Жан Бернен указал народу на разорванный барабан. Народ начал роптать на обиду, нанесенную первому муниципальному лицу, но Курций, покраснев от гнева, встал на край фонтана и с этой импровизированной трибуны обратился к толпе.
— Граждане, — сказал он, — отечество в опасности! Я обращаюсь к вам и надеюсь на ваш патриотизм. Это не пруссаки…
— Нет, — перебил Жан Бернен, — это австрийцы.
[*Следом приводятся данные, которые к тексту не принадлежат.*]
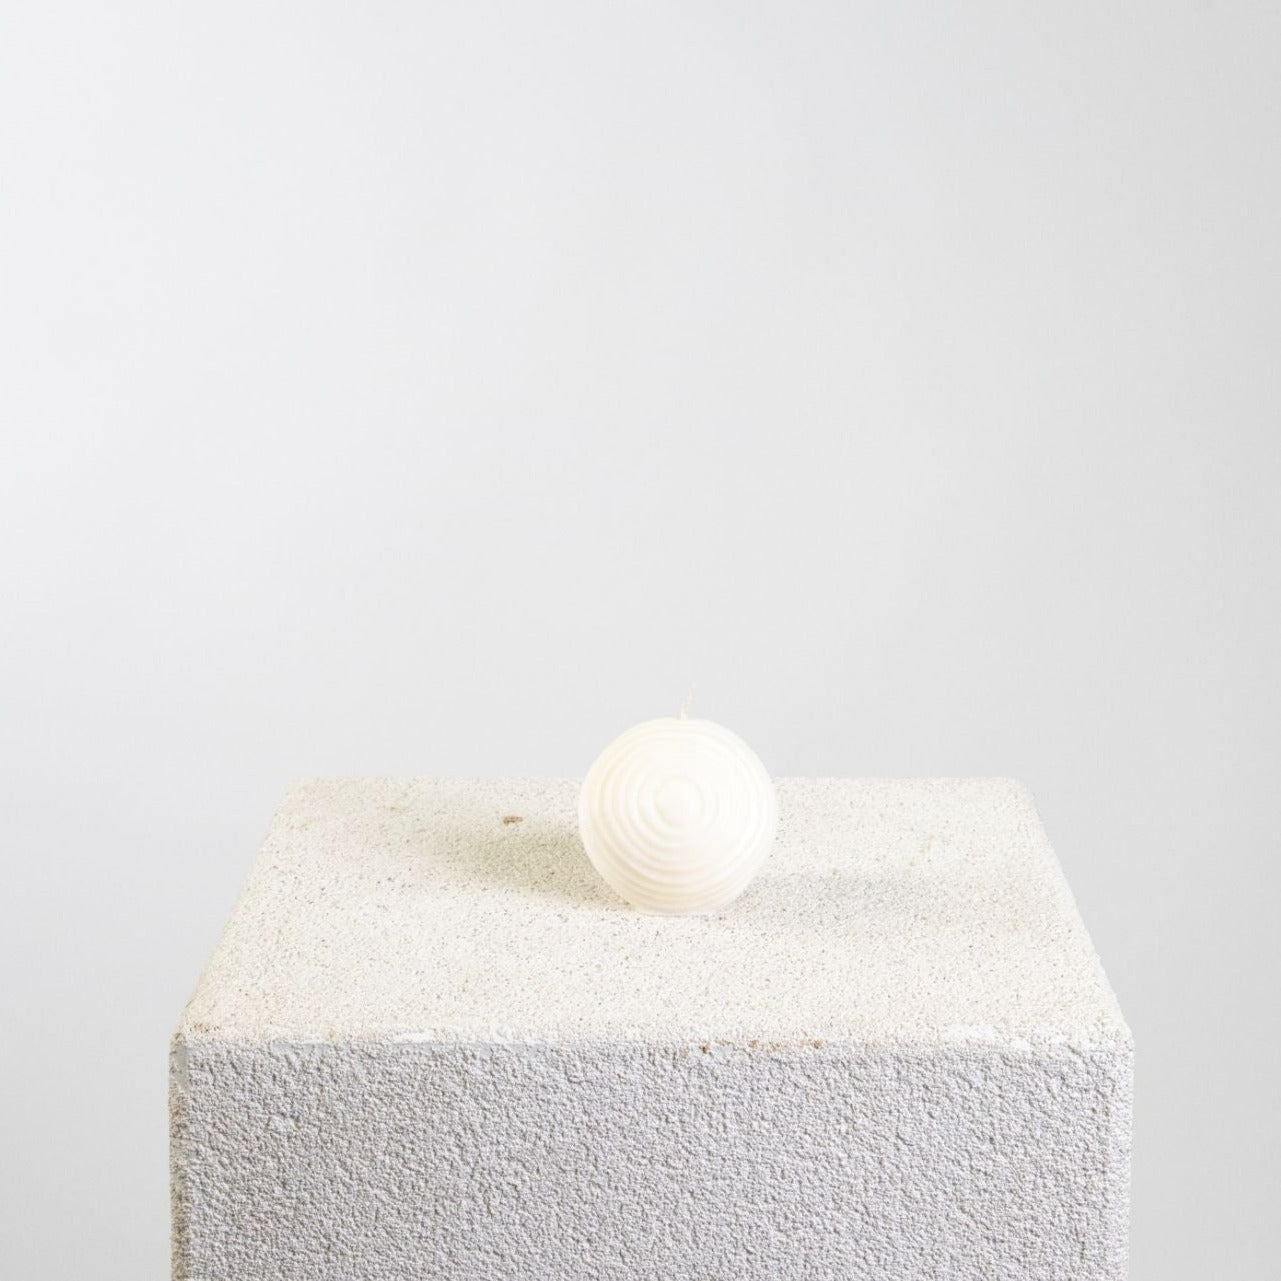 Contour Ball Sculptural Soy Wax Candle | Candle, Decor | Studio McKenna

— Гражданин мэр, — сказал Курций вне себя, — я отрешаю вас от должности.
Но толпа протестовала.
— Долой комиссара! — закричала она.
Курций испугался, он сошел с фонтана и пробормотал:
— Вы нарушаете ко мне уважение, граждане.
— Долой комиссара! — повторила толпа.
Жандармский бригадир все находился в казармах и приказывал приготовляться к отъезду. Испуганный Курций напрасно отыскивал его глазами. Жан Бернен, в свою очередь, встал на край фонтана и сделал знак. Народ замолчал.
— Граждане и любезные соотечественники, — сказал мэр, — я прощаюсь с вами, так как господин чрезвычайный комиссар отрешил меня от должности.
— Долой комиссара! — повторила толпа.
Камень, брошенный ребенком, упал к ногам Курция.
— Ко мне! Ко мне! — закричал он.
Тогда Жан Бернен взял его за руку и увел.
— Я вас спасу, — сказал он, — но времени терять нельзя.
Так как Жану Бернену повиновались в Шатель-Сансуаре, то ему дали дорогу. Курций был ни жив ни мертв. Жан ввел его в дом.
— Гражданин комиссар, — сказал он, — вы избавились от большой опасности.
— Разве они дурно обошлись со мною? — спросил Курций.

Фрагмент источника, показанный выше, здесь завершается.